The institute’s director, Father Wayne Cavalier, O.P., has already been working with several dioceses, with the support of the Home Mission Leadership Conference, offering the institute’s services to help their lay ecclesial minister formation programs.

“Because of the declining numbers of priests and religious, lay people are taking on more responsibility for ministries,” Father Cavalier said. “But they don’t have the same opportunities for education and formation that priests and religious have had. Dioceses are doing their best to provide that, but resources often are limited.

“By our collaboration, we can help to augment the efforts those dioceses are making,” he added, “and at the same time, pass on our education, our experience and our charisms.”

Carrying on charisms

Each order is founded in response to a specific situation, such as the need for schools, health care, or pastoral services, Father Cavalier said. “That response becomes their charism. It’s sort of their mission.”

As the numbers of religious community members who can carry on their charisms is declining, Father Steinbacher said, the needs are growing.

At the same time, the church is calling more lay people to answer their baptismal call to participate in the mission of the church by bringing their faith to the world.

“We see the growing influence of lay people as a really significant movement of the Holy Spirit,” Father Steinbacher said.

‘Helpful advice’

The Home Missions Leadership Conference’s Collaborative Ministry Development Initiative, which will be administered by Father Cavalier and the Congar Institute, offers full-service consultations for home mission dioceses.

One of the first steps of Father Cavalier was to identify people in the communities participating in the Home Missions Leadership Conference who have skills and expertise that could help in the formation of lay ecclesial ministers.

He has a list of about 100 people he can use as a resource, Father Cavalier said. “That’s a strength of the project.”

If invited by a diocese to do a consultation, Father Cavalier and others will do an inventory of all programs and resources a diocese has for lay ecclesial ministry formation, he said.

The next step is to identify the gaps in formation, Father Cavalier said, and recommend a plan to fill those gaps, using existing programs if they are available.

“We want it to be an organized response in that diocese,” Father Cavalier said, “a plan that meets the specific needs of that diocese.”

One of the institute’s first consultations has been with the Diocese of Salt Lake City, which is facing booming growth in the Catholic population but a shortage of priests and religious.

“In the 1950s we had as many as 200 sisters in the diocese,” working in hospitals, schools and parishes, said Susan Cook Northway, diocesan director of religious education. “They were doing the evangelizing and catechesis in this diocese.

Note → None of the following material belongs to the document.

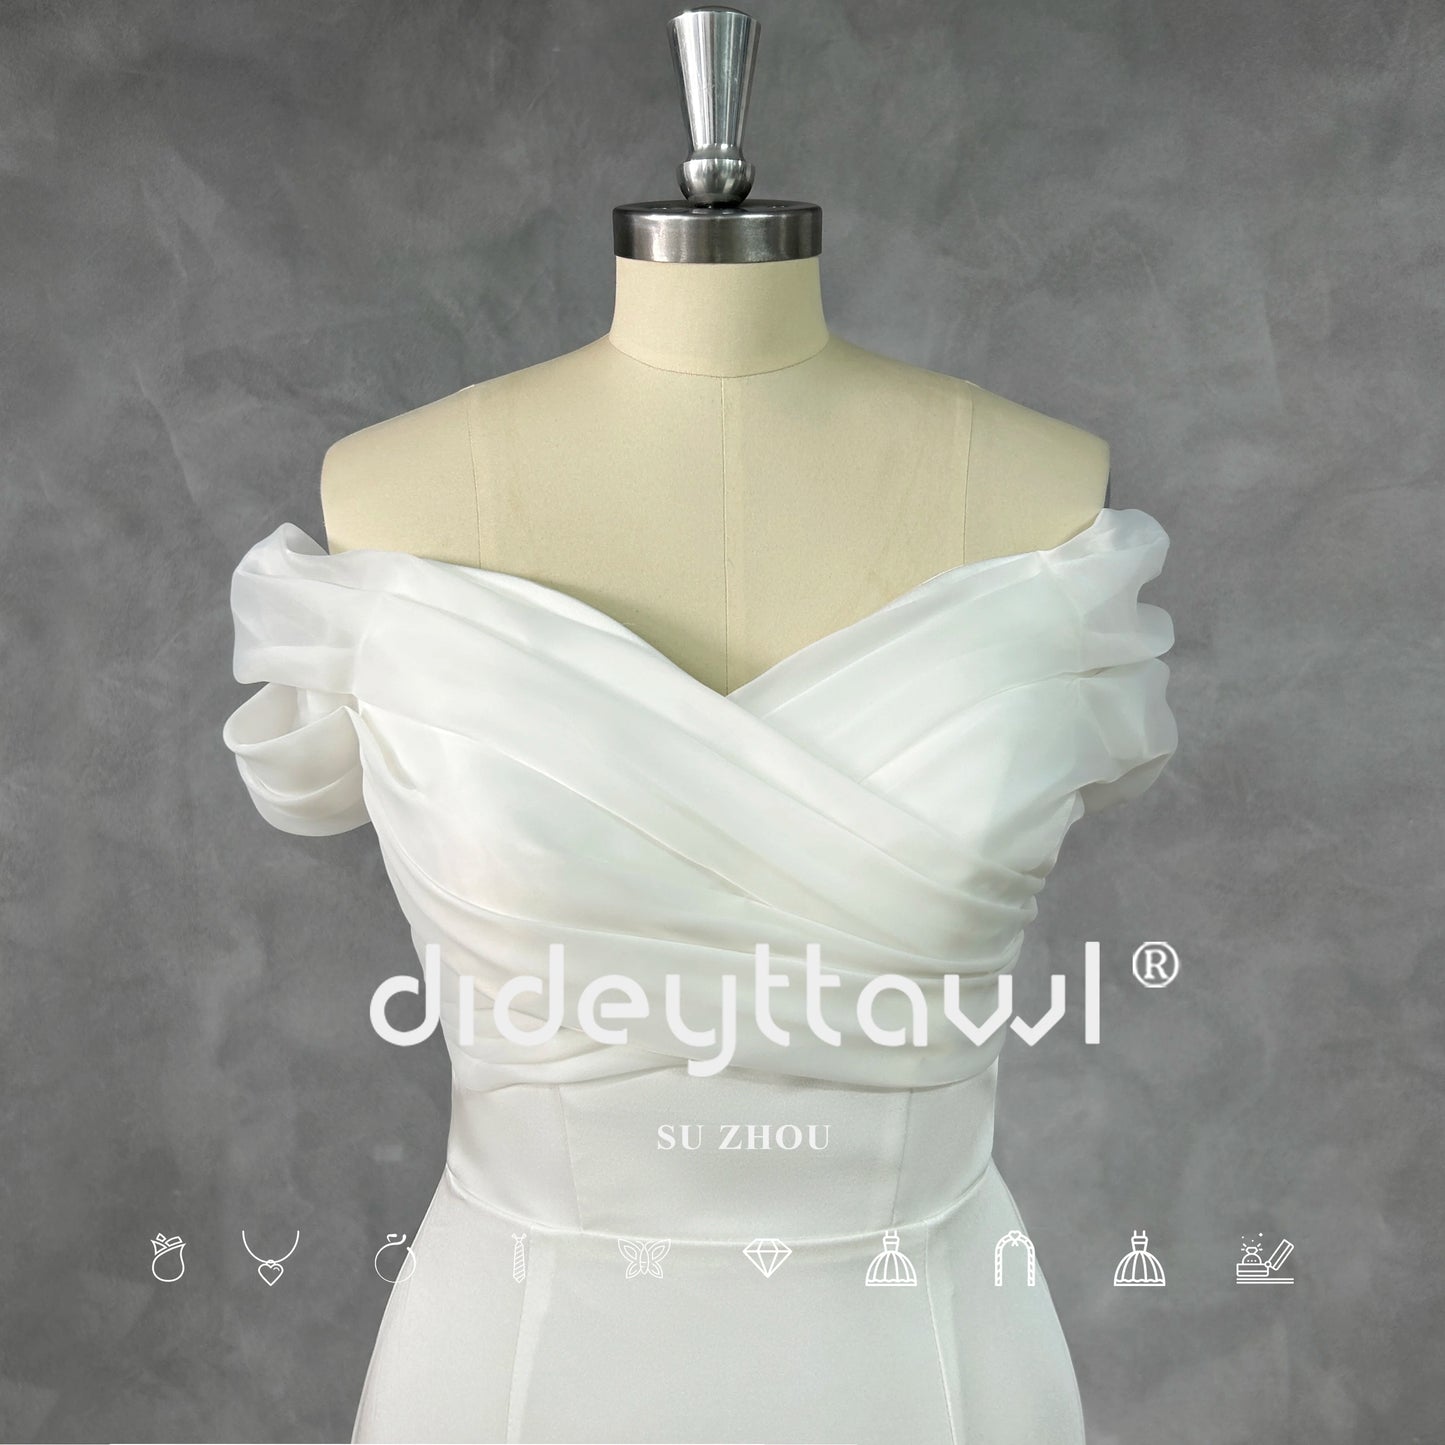 Dideyttawl Immagine reale semplice pieghe da spalline sirena abito da sposa con cerniera di allenamento in tribunale da treno da sposa abito da sposa

There aren’t sisters to replace them.”

So the diocese is looking to lay people to fill those leadership roles in ministry, Northway said.

The diocese recently completed its first year in a new lay ecclesial ministry formation program in collaboration with the Satellite Theological Education Program through the University of Notre Dame’s Office of Church Life.

The program offers online training, which is a huge advantage in the Salt Lake City Diocese, which covers the entire state of Utah, Northway said. “We’re so far apart, it’s hard for people to commit” to traveling several hours each weekend for training, she said.

Using the internet, the 31 people in the program can receive instruction in their homes from experts around the country, Northway explained.

“We hope this is a core of leadership that will help where they’re needed and be able to train other people and put together plans for parishes in collaboration with the pastors and the deacons,” Northway said.

The diocese is hopeful the Congar Institute can help with specific advice on how to integrate lay ecclesial ministers in parishes already being served by priests and deacons, Northway said. “I think they’ll give us helpful advice.”